_DATA TO PROCESS_:
☆ ☆ ☆ ☆ ☆

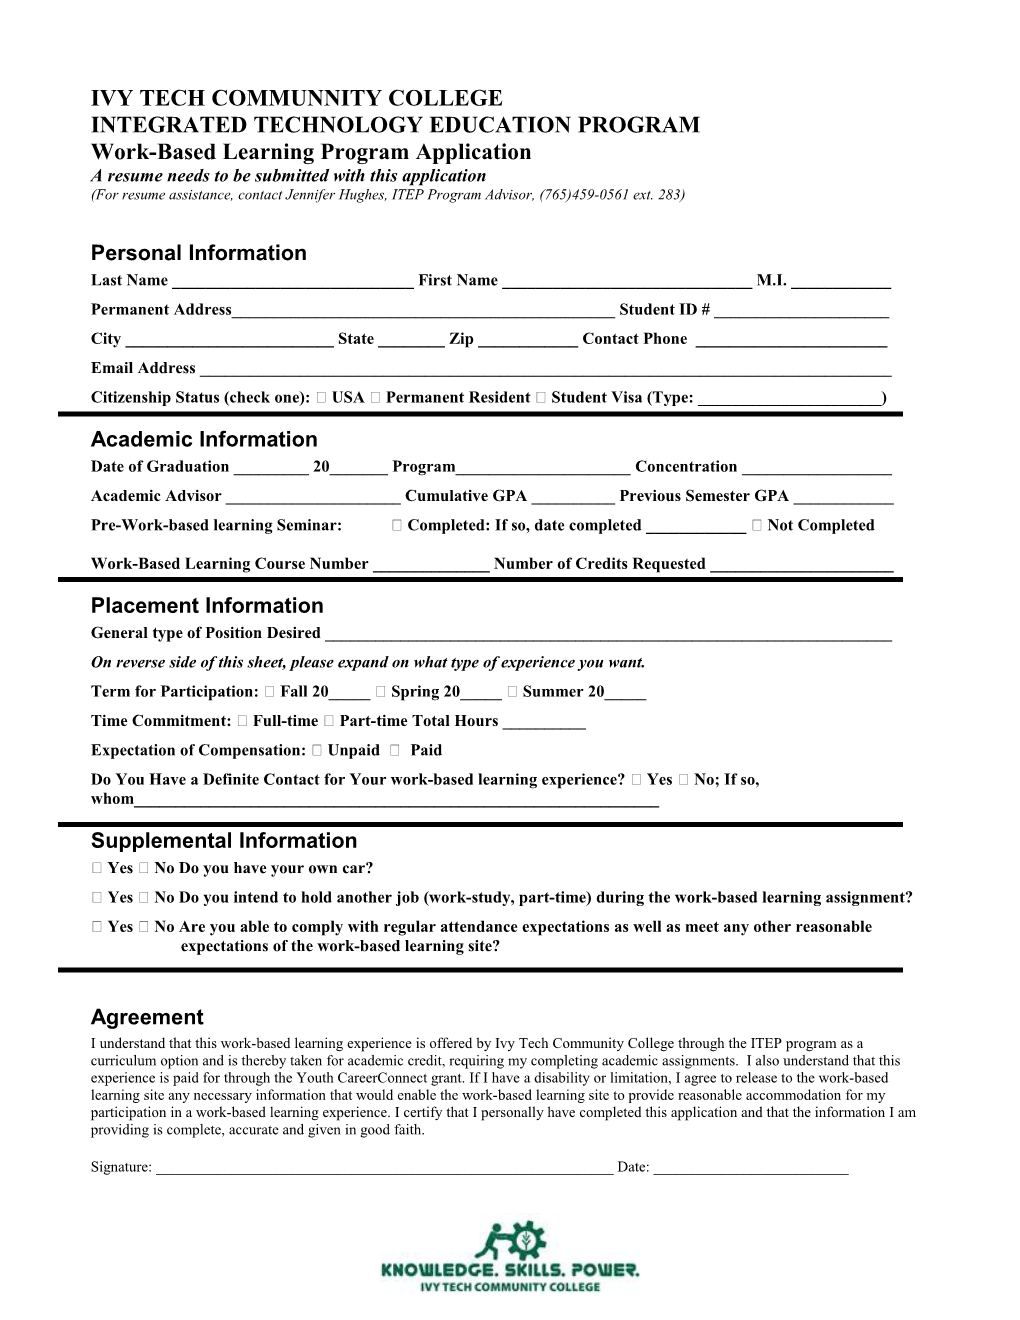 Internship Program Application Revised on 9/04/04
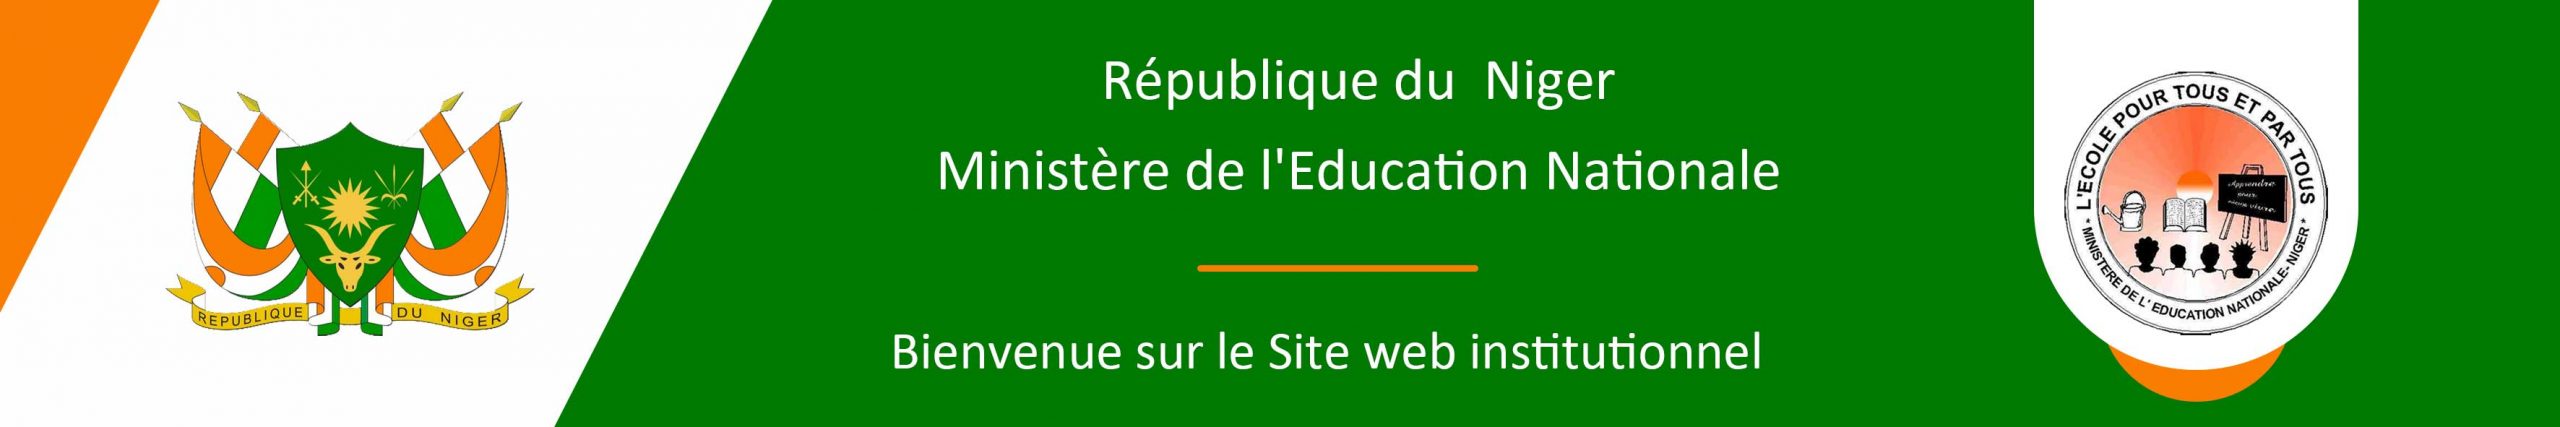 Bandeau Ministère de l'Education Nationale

☆ ☆ ☆ ☆ ☆

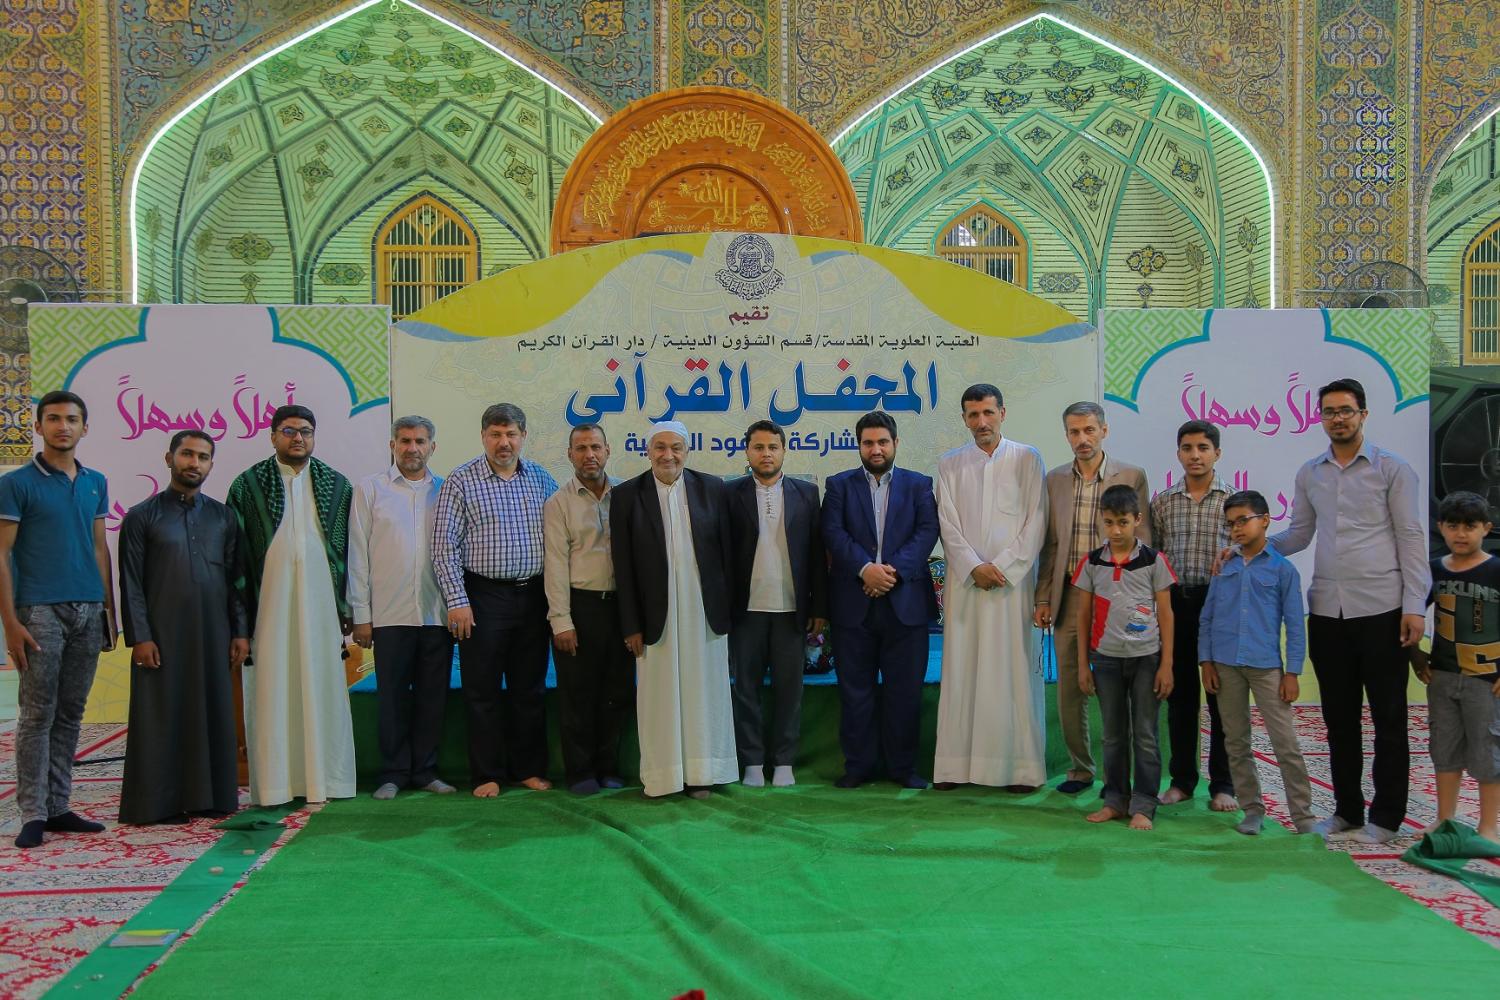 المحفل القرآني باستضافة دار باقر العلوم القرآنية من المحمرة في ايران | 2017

☆ ☆ ☆ ☆ ☆

_ACTIVITY_: Would you please reproduce the entries above, starting at the line with "Internship Program Application" and stopping after the line with "Bandeau Ministère de l'Education Nationale"? Omit any pictures.

_RESULT OF THE EXERCISE_:
 Internship Program Application Revised on 9/04/04
 Bandeau Ministère de l'Education Nationale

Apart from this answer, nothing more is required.